#### WORK TO COMPLETE:
Given these entries, repeat exactly the lines starting with the one that has "Twin Peaks Wild Onion Vinyl Record" and going on through the one that has "SVG of Vector", both included, but none of the pictures.
==== SUPPLIED ENTRIES
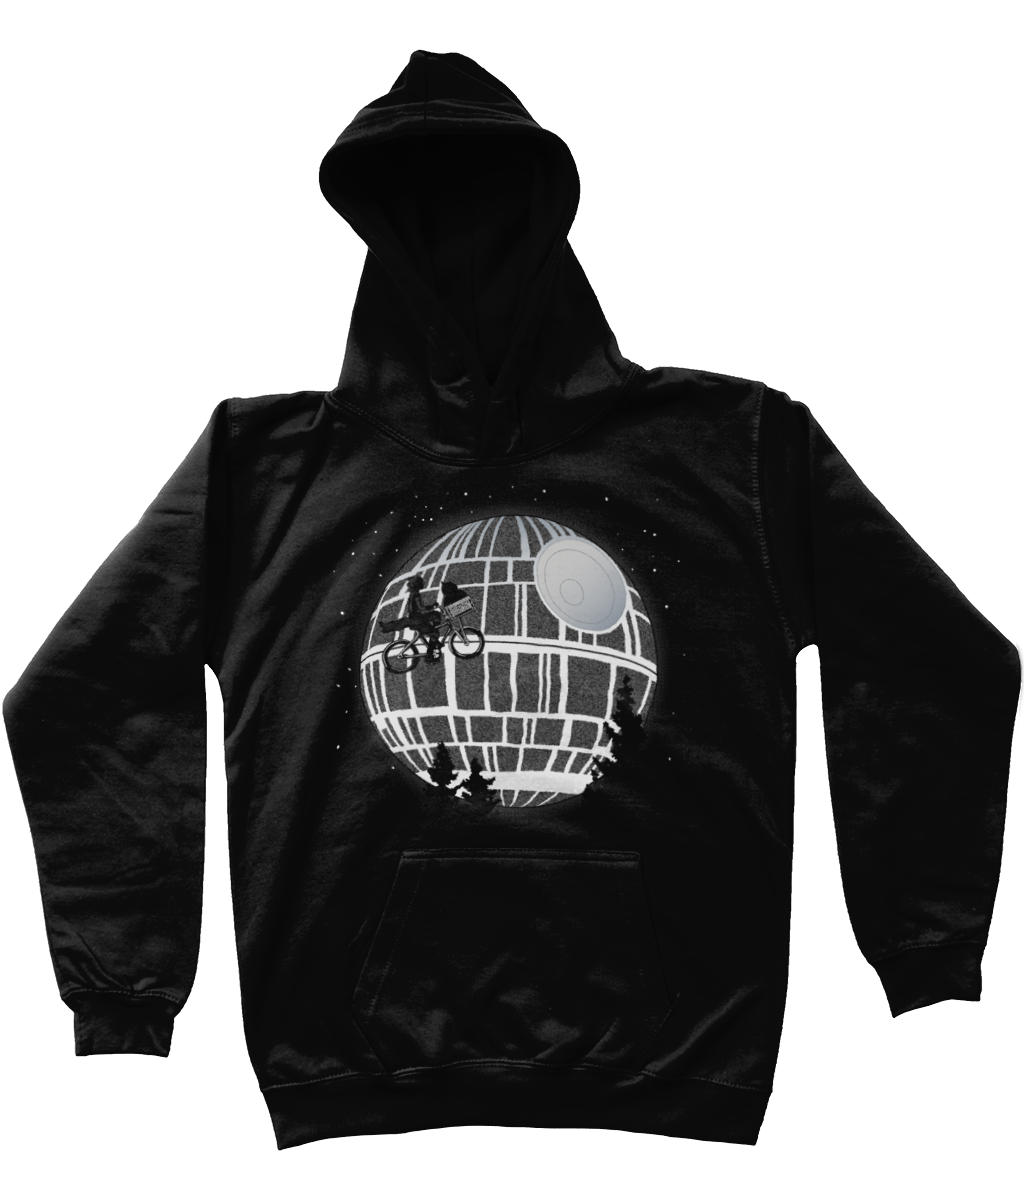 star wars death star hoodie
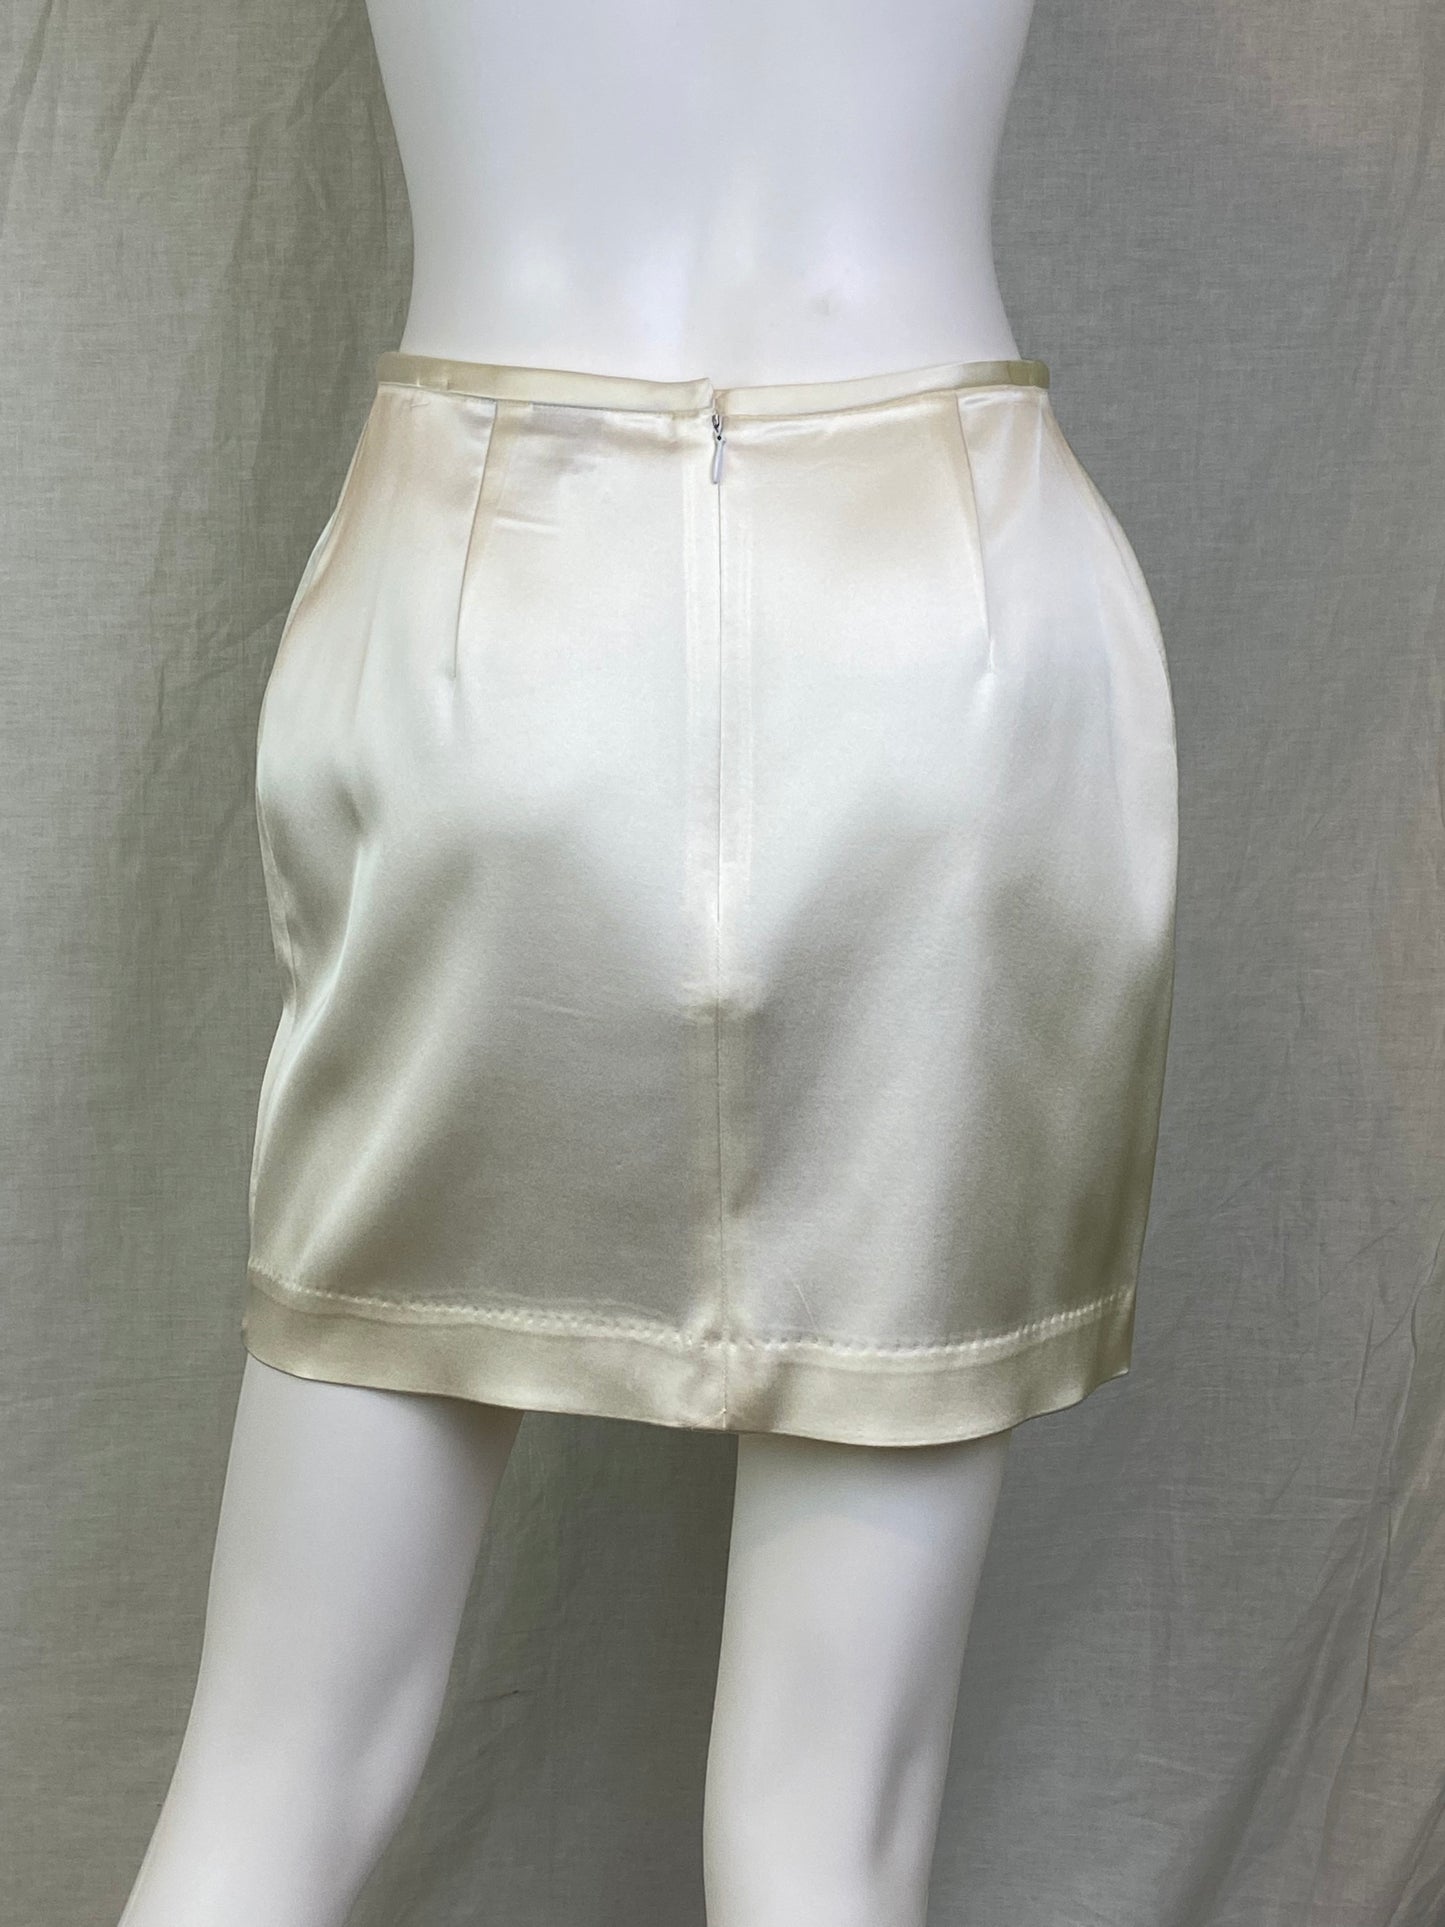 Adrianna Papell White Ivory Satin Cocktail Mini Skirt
========
==== SUPPLIED ENTRIES
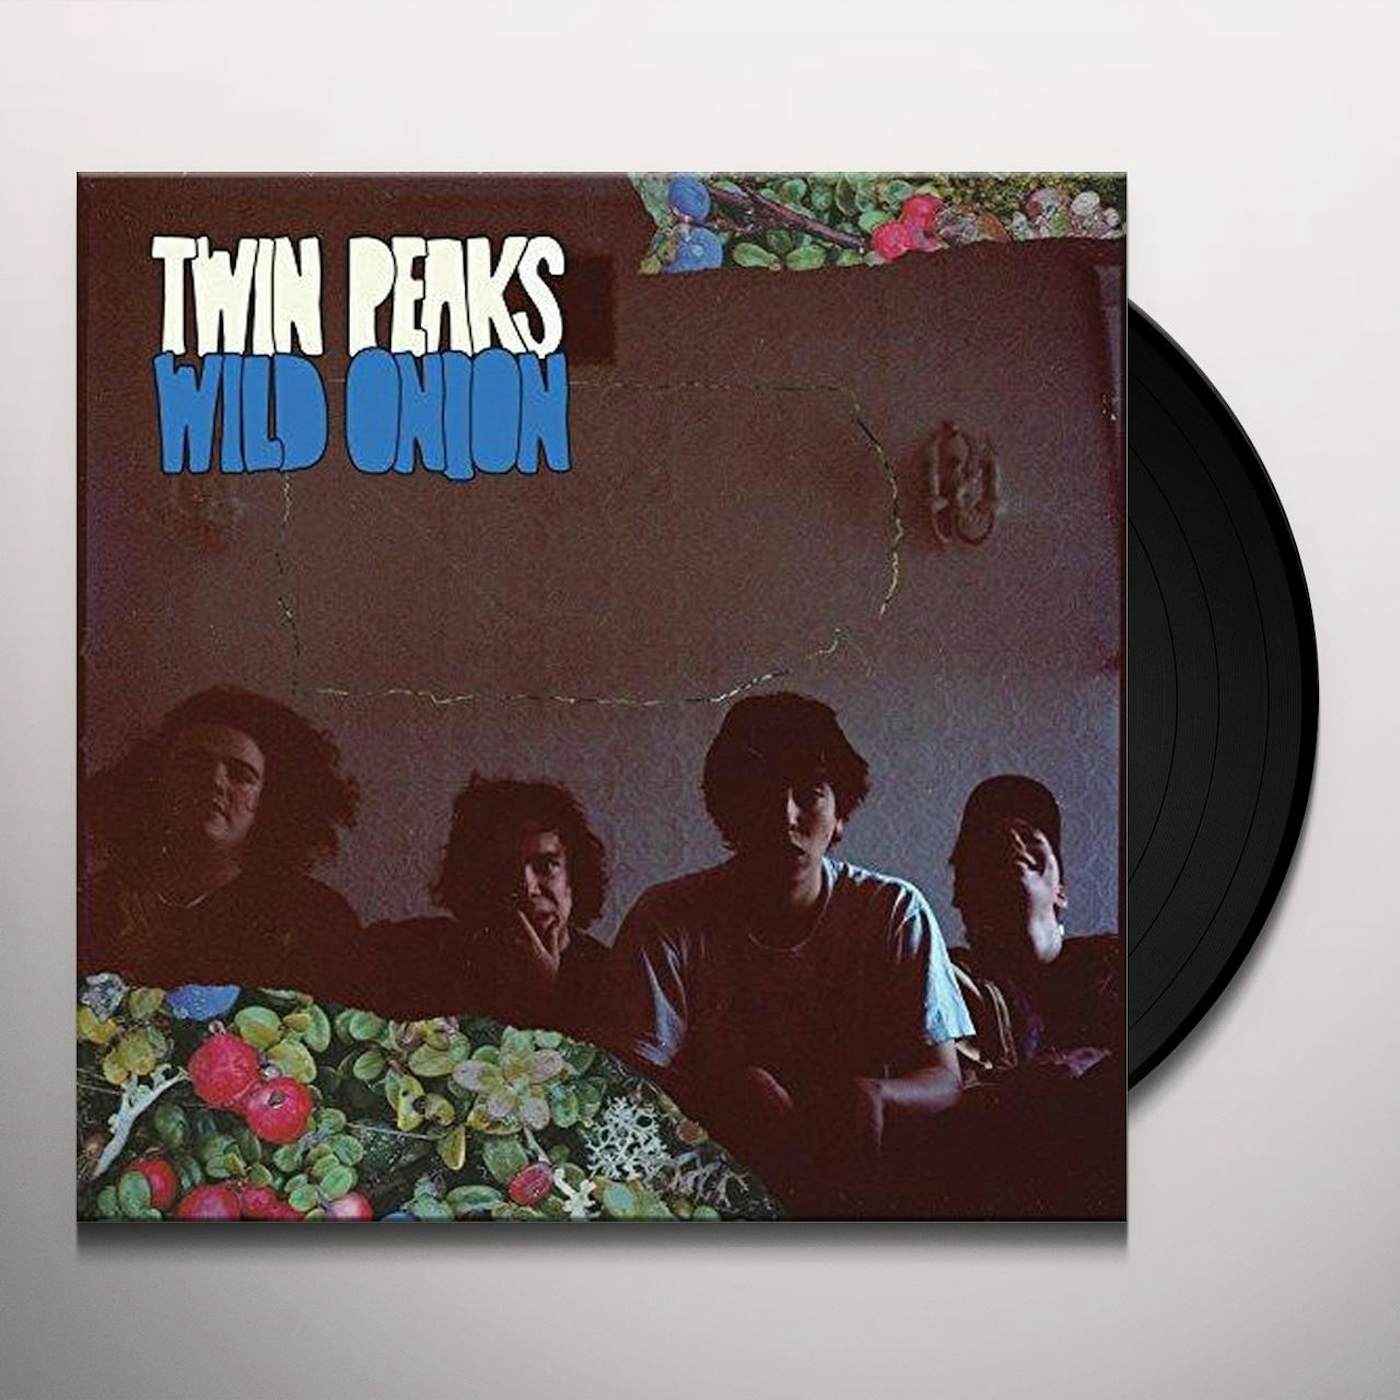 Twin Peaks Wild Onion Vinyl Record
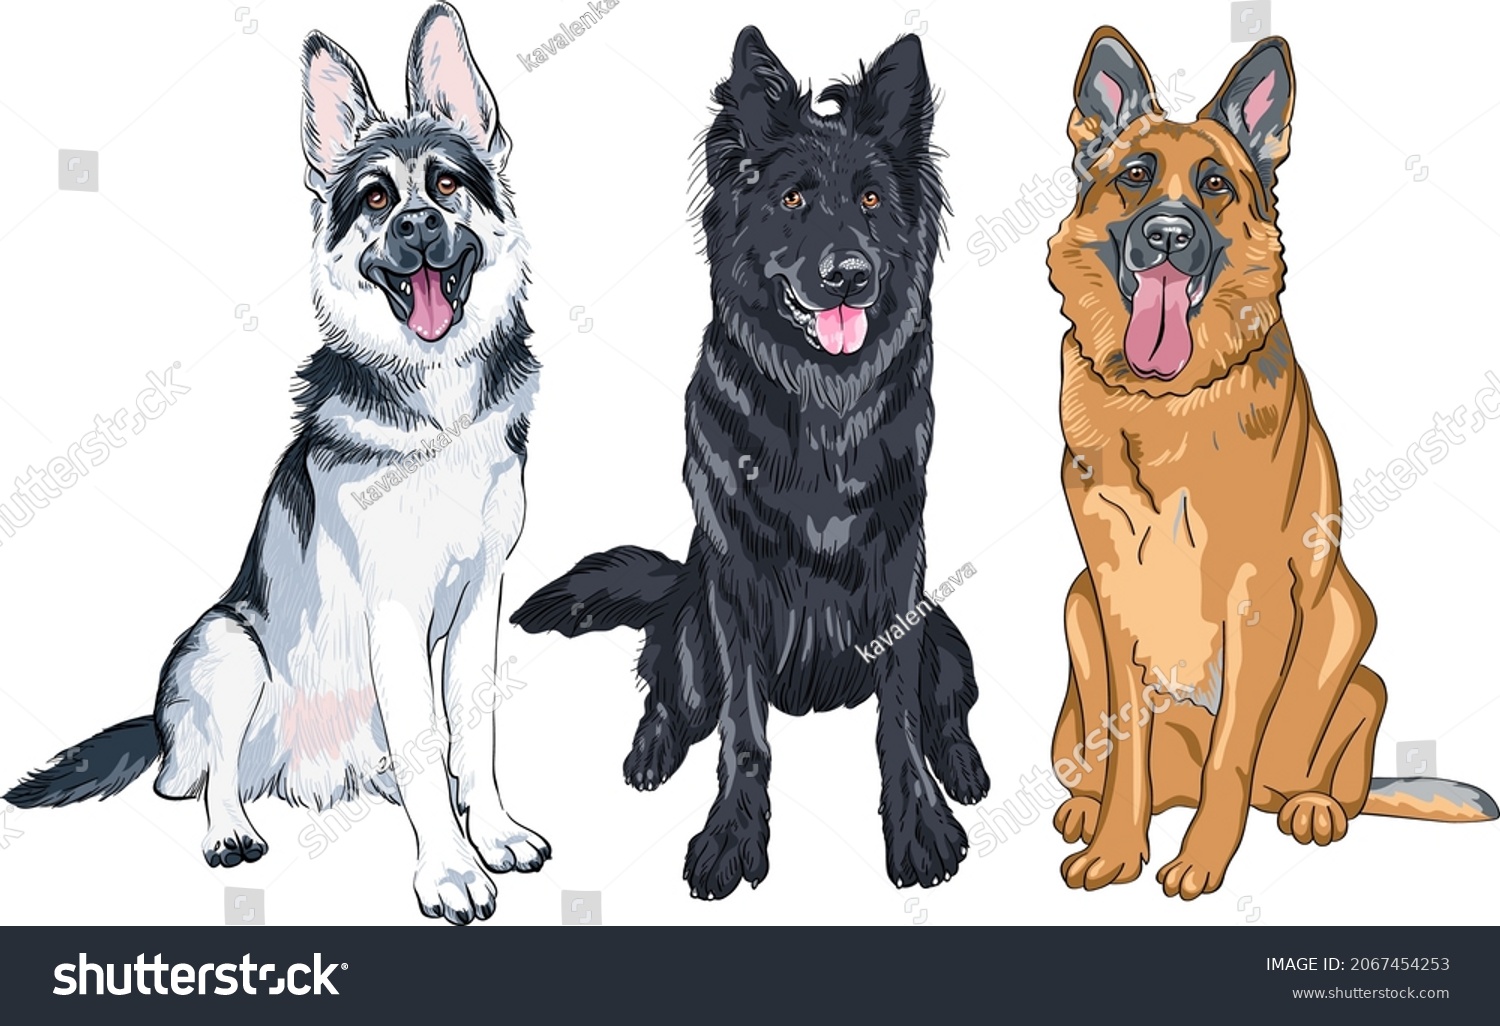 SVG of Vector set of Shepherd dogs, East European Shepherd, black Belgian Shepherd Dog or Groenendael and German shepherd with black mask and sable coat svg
========
#### OUTPUT OF THE EXERCISE:
 Twin Peaks Wild Onion Vinyl Record
 SVG of Vector set of Shepherd dogs, East European Shepherd, black Belgian Shepherd Dog or Groenendael and German shepherd with black mask and sable coat svg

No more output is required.